Extracted information: Begin

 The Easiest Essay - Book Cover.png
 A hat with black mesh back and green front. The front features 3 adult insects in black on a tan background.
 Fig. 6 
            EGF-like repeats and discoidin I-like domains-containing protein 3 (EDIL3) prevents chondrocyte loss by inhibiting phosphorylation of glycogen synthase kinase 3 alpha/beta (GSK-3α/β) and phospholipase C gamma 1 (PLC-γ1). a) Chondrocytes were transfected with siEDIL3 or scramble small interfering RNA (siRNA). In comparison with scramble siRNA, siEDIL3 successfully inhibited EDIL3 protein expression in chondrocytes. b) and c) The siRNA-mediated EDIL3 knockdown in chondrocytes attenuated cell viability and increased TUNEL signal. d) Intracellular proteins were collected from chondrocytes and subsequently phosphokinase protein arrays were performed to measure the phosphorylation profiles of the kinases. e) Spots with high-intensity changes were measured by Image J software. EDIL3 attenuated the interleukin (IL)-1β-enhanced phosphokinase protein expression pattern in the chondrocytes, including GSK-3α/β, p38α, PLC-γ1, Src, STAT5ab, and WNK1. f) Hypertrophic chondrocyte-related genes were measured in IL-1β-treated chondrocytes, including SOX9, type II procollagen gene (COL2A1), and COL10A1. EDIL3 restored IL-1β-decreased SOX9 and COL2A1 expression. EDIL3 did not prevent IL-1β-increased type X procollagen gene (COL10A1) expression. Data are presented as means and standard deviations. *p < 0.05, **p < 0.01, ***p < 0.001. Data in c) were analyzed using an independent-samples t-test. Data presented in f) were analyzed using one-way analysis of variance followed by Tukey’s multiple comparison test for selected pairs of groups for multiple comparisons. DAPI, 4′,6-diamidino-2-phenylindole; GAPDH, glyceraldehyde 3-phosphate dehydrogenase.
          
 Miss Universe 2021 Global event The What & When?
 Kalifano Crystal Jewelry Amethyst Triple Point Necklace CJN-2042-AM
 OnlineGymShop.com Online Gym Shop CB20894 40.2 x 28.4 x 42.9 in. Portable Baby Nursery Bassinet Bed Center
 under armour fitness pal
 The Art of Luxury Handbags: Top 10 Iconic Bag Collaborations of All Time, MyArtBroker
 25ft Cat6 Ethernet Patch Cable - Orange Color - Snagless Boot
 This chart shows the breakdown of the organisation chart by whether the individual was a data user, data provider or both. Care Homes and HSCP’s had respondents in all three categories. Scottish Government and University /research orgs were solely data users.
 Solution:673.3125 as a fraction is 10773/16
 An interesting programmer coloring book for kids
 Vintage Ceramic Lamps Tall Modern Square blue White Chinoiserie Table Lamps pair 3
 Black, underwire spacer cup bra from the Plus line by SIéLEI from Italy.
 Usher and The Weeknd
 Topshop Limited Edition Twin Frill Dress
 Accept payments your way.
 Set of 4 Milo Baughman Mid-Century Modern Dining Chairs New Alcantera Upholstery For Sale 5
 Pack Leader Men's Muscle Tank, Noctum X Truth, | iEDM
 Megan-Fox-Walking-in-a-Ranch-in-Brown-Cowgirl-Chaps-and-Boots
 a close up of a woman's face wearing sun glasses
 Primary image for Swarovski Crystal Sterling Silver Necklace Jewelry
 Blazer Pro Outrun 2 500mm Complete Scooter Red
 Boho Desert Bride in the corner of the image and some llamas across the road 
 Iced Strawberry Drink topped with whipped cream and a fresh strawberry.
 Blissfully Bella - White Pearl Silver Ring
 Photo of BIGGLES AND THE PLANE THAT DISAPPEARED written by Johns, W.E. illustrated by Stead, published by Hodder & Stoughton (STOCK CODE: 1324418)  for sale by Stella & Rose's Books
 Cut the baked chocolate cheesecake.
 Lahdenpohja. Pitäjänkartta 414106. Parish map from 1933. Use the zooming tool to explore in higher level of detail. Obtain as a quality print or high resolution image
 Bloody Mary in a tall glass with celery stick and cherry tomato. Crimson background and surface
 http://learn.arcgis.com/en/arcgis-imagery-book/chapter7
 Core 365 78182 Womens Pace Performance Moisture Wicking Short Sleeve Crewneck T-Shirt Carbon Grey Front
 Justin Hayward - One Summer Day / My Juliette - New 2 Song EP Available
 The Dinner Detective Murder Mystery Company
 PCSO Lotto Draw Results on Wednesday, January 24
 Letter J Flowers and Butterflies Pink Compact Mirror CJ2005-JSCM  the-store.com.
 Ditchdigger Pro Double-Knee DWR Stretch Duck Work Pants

Extracted information: End

> [Goal of the exercise] Please write out all the data above, exactly as it reads.

> [Exercise response]
 The Easiest Essay - Book Cover.png
 A hat with black mesh back and green front. The front features 3 adult insects in black on a tan background.
 Fig. 6 
            EGF-like repeats and discoidin I-like domains-containing protein 3 (EDIL3) prevents chondrocyte loss by inhibiting phosphorylation of glycogen synthase kinase 3 alpha/beta (GSK-3α/β) and phospholipase C gamma 1 (PLC-γ1). a) Chondrocytes were transfected with siEDIL3 or scramble small interfering RNA (siRNA). In comparison with scramble siRNA, siEDIL3 successfully inhibited EDIL3 protein expression in chondrocytes. b) and c) The siRNA-mediated EDIL3 knockdown in chondrocytes attenuated cell viability and increased TUNEL signal. d) Intracellular proteins were collected from chondrocytes and subsequently phosphokinase protein arrays were performed to measure the phosphorylation profiles of the kinases. e) Spots with high-intensity changes were measured by Image J software. EDIL3 attenuated the interleukin (IL)-1β-enhanced phosphokinase protein expression pattern in the chondrocytes, including GSK-3α/β, p38α, PLC-γ1, Src, STAT5ab, and WNK1. f) Hypertrophic chondrocyte-related genes were measured in IL-1β-treated chondrocytes, including SOX9, type II procollagen gene (COL2A1), and COL10A1. EDIL3 restored IL-1β-decreased SOX9 and COL2A1 expression. EDIL3 did not prevent IL-1β-increased type X procollagen gene (COL10A1) expression. Data are presented as means and standard deviations. *p < 0.05, **p < 0.01, ***p < 0.001. Data in c) were analyzed using an independent-samples t-test. Data presented in f) were analyzed using one-way analysis of variance followed by Tukey’s multiple comparison test for selected pairs of groups for multiple comparisons. DAPI, 4′,6-diamidino-2-phenylindole; GAPDH, glyceraldehyde 3-phosphate dehydrogenase.
          
 Miss Universe 2021 Global event The What & When?
 Kalifano Crystal Jewelry Amethyst Triple Point Necklace CJN-2042-AM
 OnlineGymShop.com Online Gym Shop CB20894 40.2 x 28.4 x 42.9 in. Portable Baby Nursery Bassinet Bed Center
 under armour fitness pal
 The Art of Luxury Handbags: Top 10 Iconic Bag Collaborations of All Time, MyArtBroker
 25ft Cat6 Ethernet Patch Cable - Orange Color - Snagless Boot
 This chart shows the breakdown of the organisation chart by whether the individual was a data user, data provider or both. Care Homes and HSCP’s had respondents in all three categories. Scottish Government and University /research orgs were solely data users.
 Solution:673.3125 as a fraction is 10773/16
 An interesting programmer coloring book for kids
 Vintage Ceramic Lamps Tall Modern Square blue White Chinoiserie Table Lamps pair 3
 Black, underwire spacer cup bra from the Plus line by SIéLEI from Italy.
 Usher and The Weeknd
 Topshop Limited Edition Twin Frill Dress
 Accept payments your way.
 Set of 4 Milo Baughman Mid-Century Modern Dining Chairs New Alcantera Upholstery For Sale 5
 Pack Leader Men's Muscle Tank, Noctum X Truth, | iEDM
 Megan-Fox-Walking-in-a-Ranch-in-Brown-Cowgirl-Chaps-and-Boots
 a close up of a woman's face wearing sun glasses
 Primary image for Swarovski Crystal Sterling Silver Necklace Jewelry
 Blazer Pro Outrun 2 500mm Complete Scooter Red
 Boho Desert Bride in the corner of the image and some llamas across the road 
 Iced Strawberry Drink topped with whipped cream and a fresh strawberry.
 Blissfully Bella - White Pearl Silver Ring
 Photo of BIGGLES AND THE PLANE THAT DISAPPEARED written by Johns, W.E. illustrated by Stead, published by Hodder & Stoughton (STOCK CODE: 1324418)  for sale by Stella & Rose's Books
 Cut the baked chocolate cheesecake.
 Lahdenpohja. Pitäjänkartta 414106. Parish map from 1933. Use the zooming tool to explore in higher level of detail. Obtain as a quality print or high resolution image
 Bloody Mary in a tall glass with celery stick and cherry tomato. Crimson background and surface
 http://learn.arcgis.com/en/arcgis-imagery-book/chapter7
 Core 365 78182 Womens Pace Performance Moisture Wicking Short Sleeve Crewneck T-Shirt Carbon Grey Front
 Justin Hayward - One Summer Day / My Juliette - New 2 Song EP Available
 The Dinner Detective Murder Mystery Company
 PCSO Lotto Draw Results on Wednesday, January 24
 Letter J Flowers and Butterflies Pink Compact Mirror CJ2005-JSCM  the-store.com.
 Ditchdigger Pro Double-Knee DWR Stretch Duck Work Pants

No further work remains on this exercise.